▸ PROVIDED ENTRIES

···

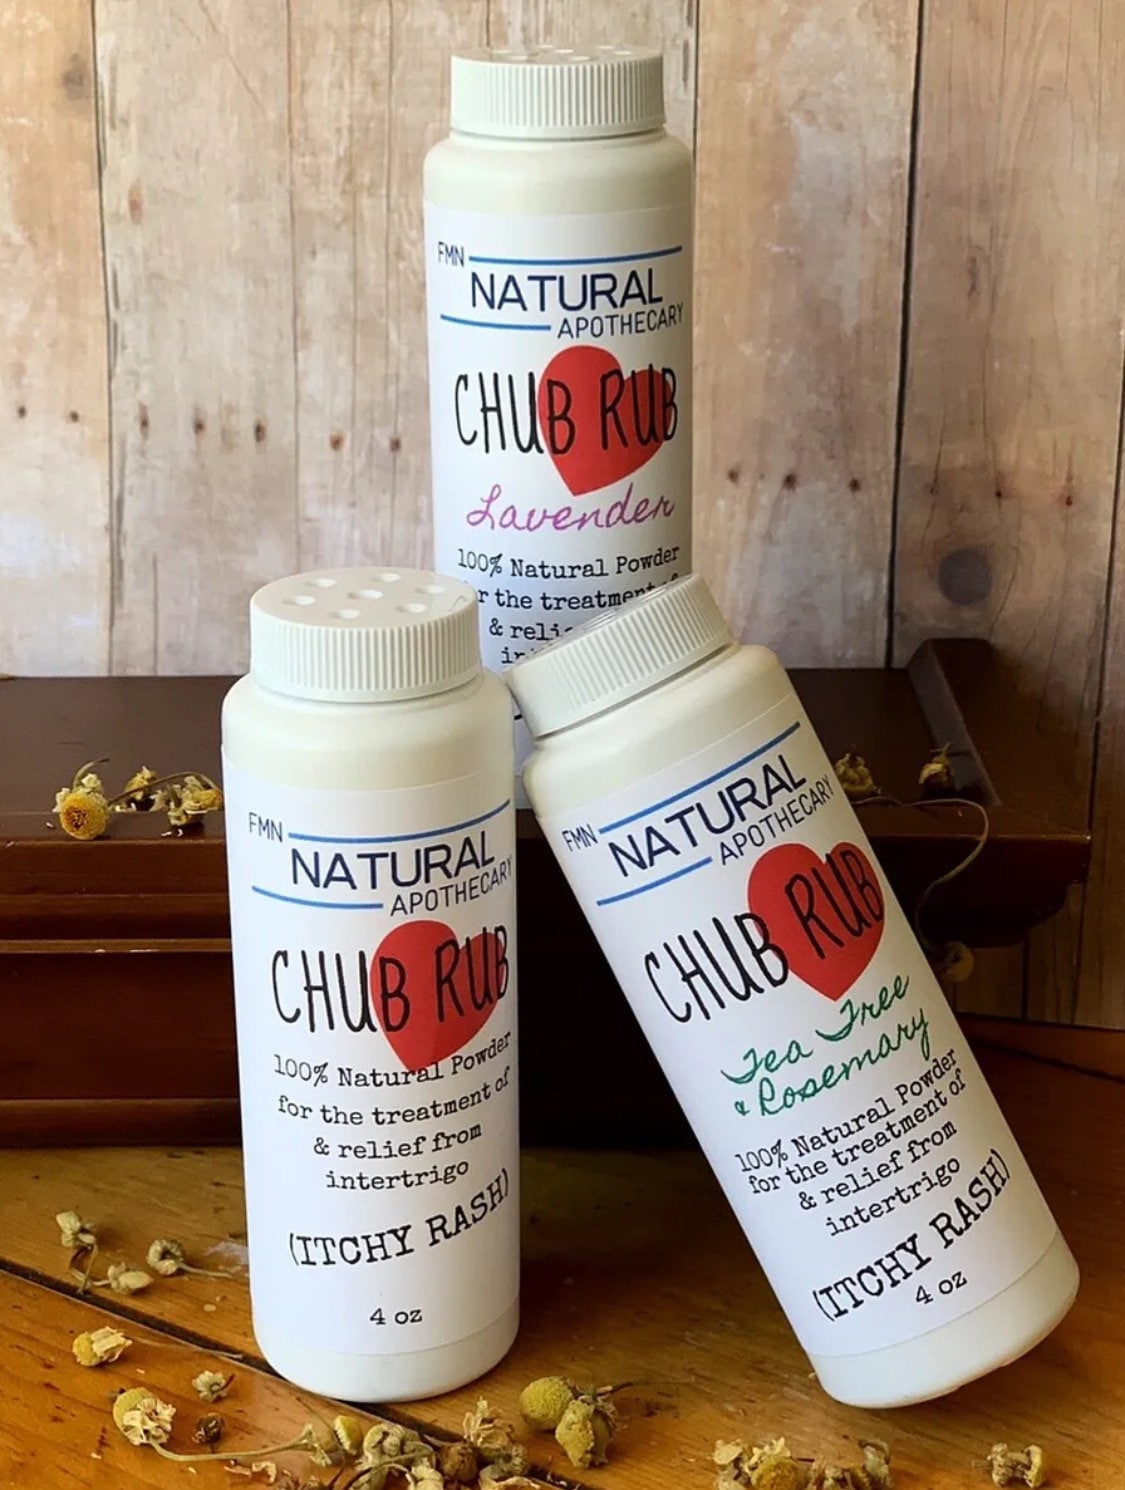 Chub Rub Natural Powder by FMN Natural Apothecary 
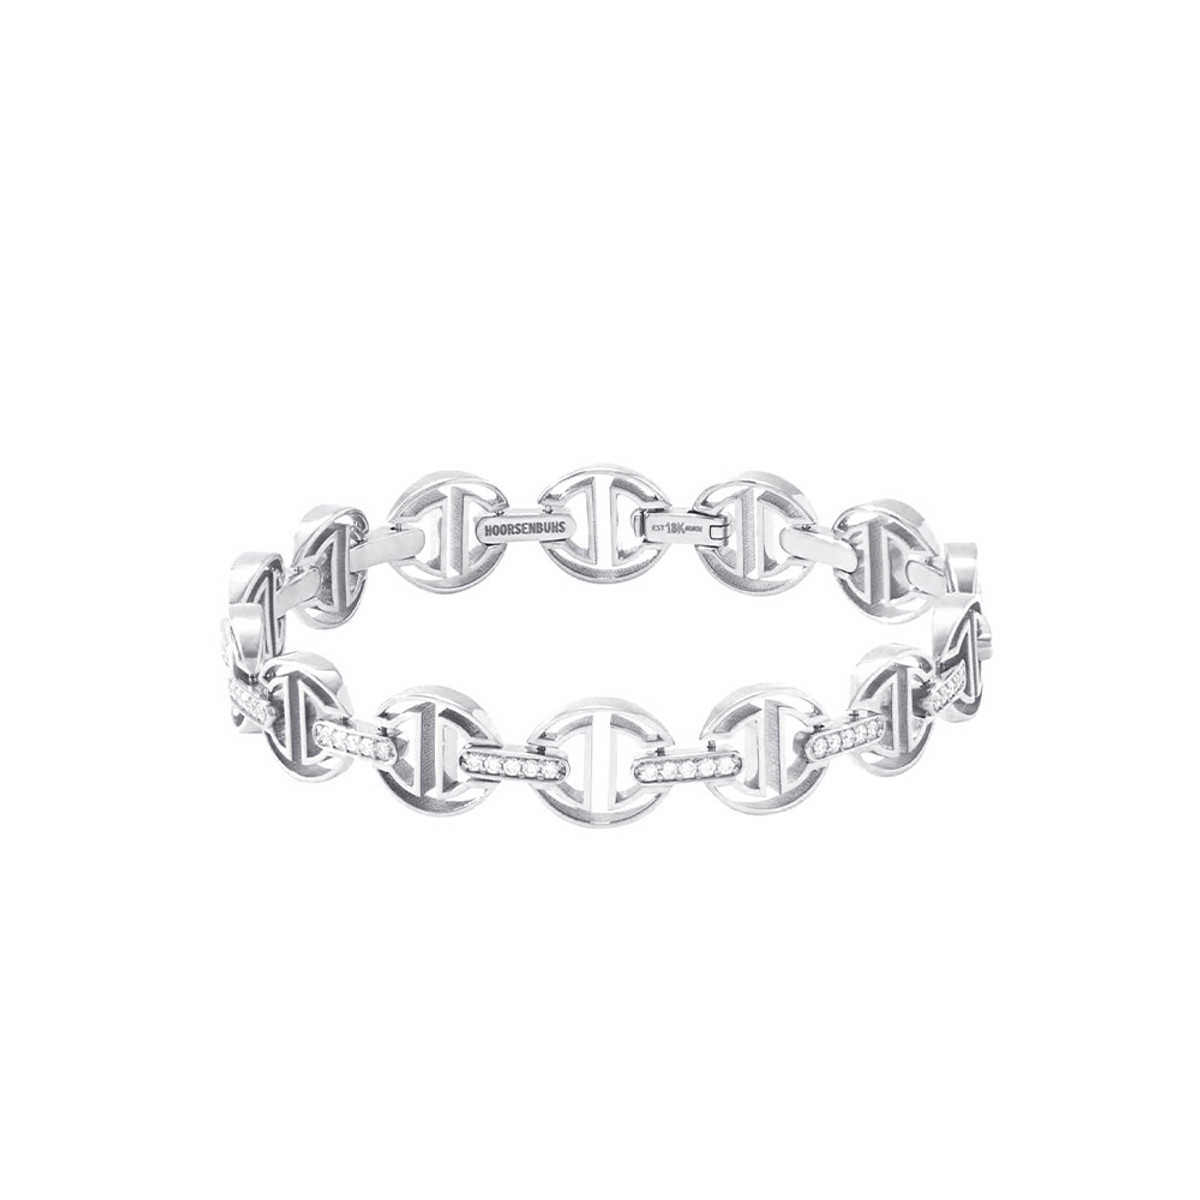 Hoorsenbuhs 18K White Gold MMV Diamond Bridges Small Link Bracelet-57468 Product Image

···

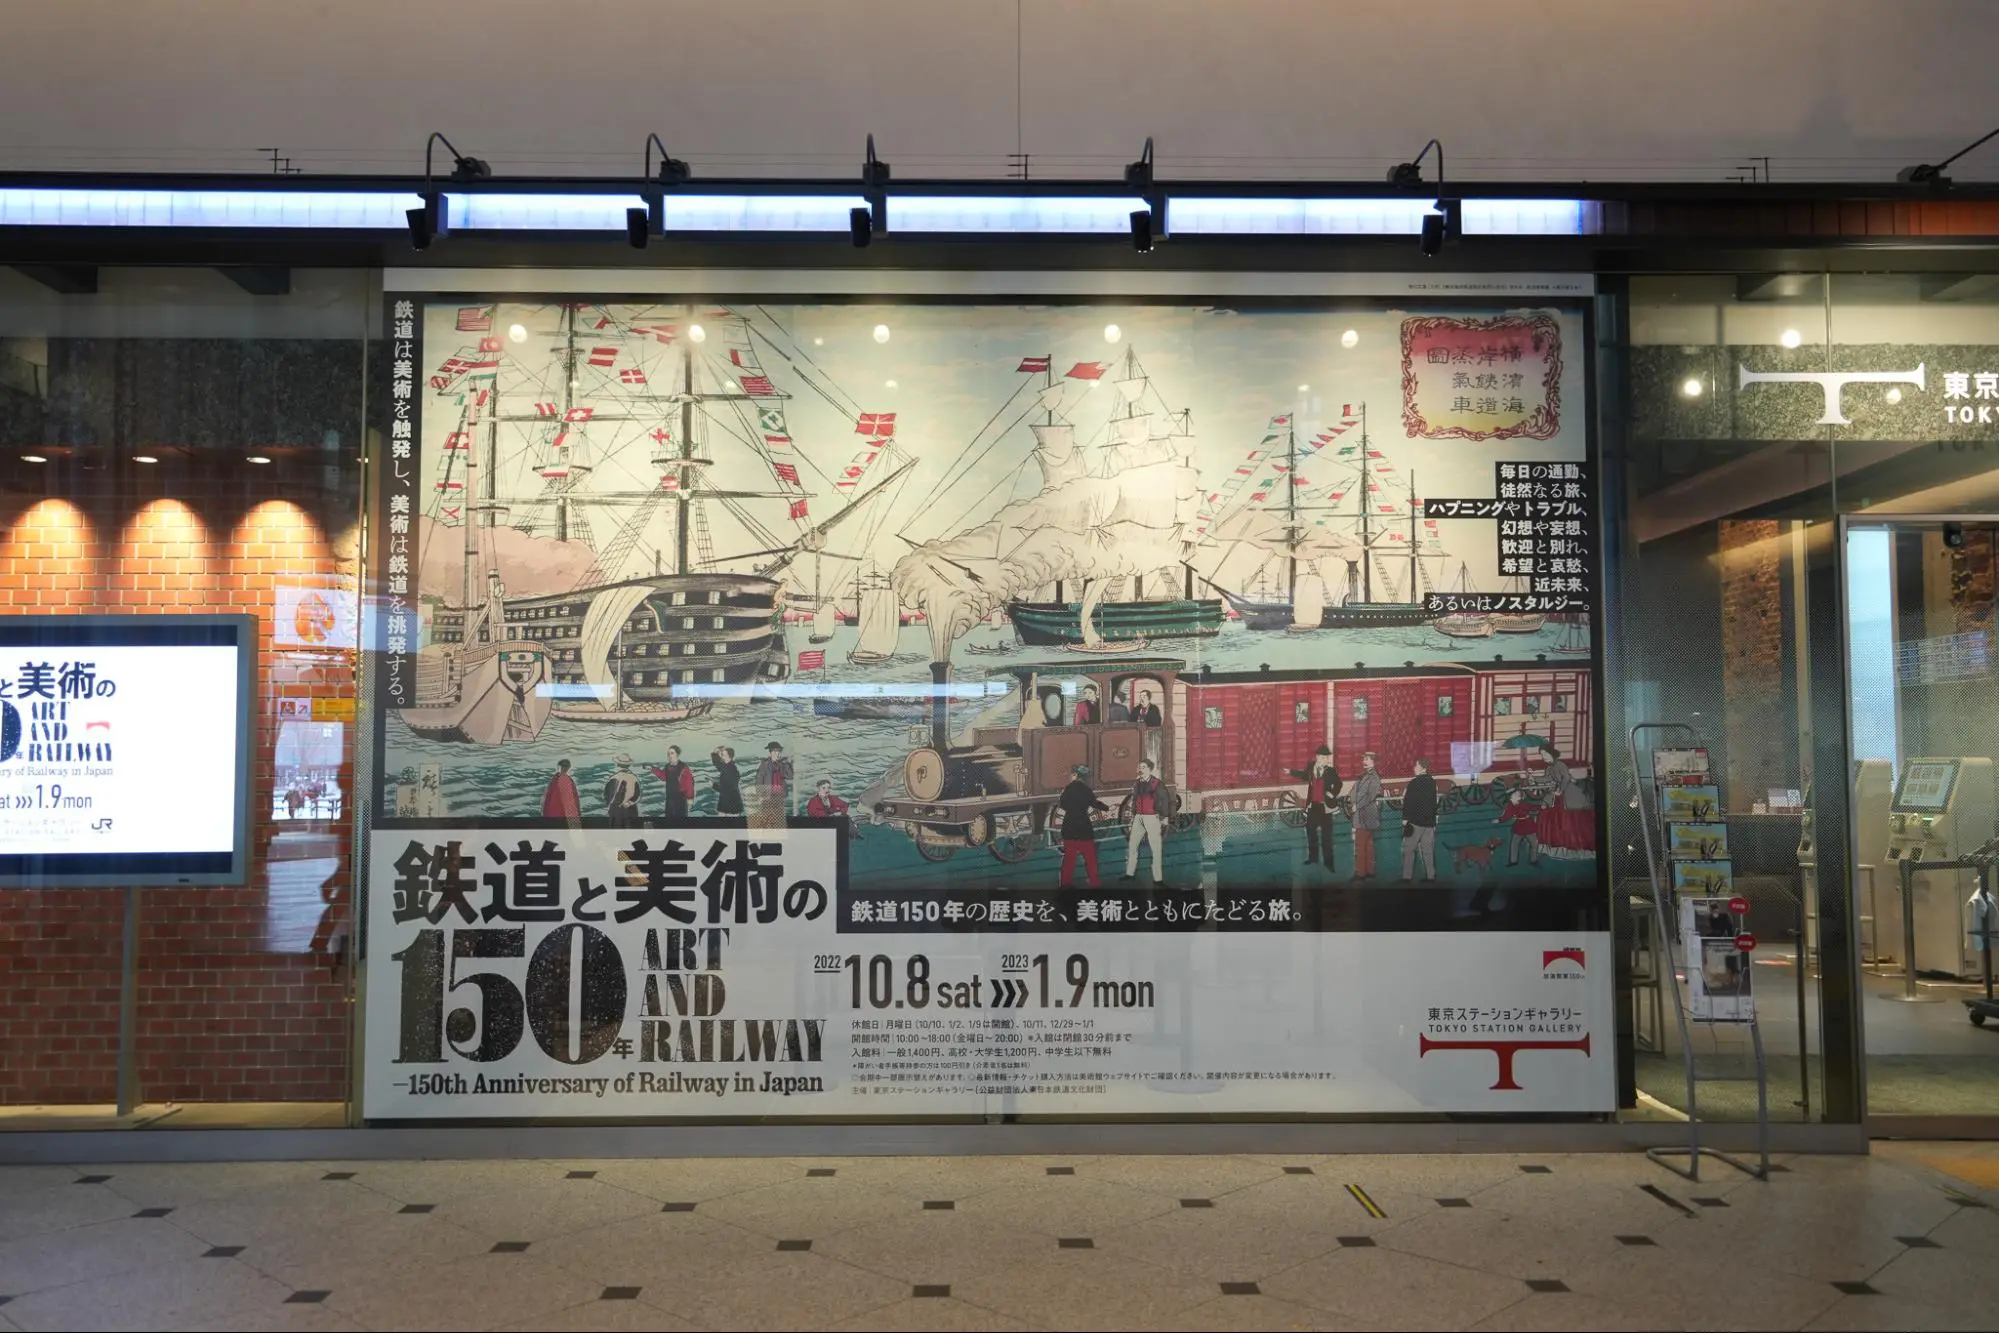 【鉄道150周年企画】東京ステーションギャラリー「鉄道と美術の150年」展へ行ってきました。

···

▸ WHAT TO WORK ON
Although the records above contain pictures, the copy must not; set down exactly the lines from the one with "Chub Rub Natural" up to and including the one with "Hoorsenbuhs 18K White".

▸ RESULT OF THE EXERCISE
 Chub Rub Natural Powder by FMN Natural Apothecary 
 Hoorsenbuhs 18K White Gold MMV Diamond Bridges Small Link Bracelet-57468 Product Image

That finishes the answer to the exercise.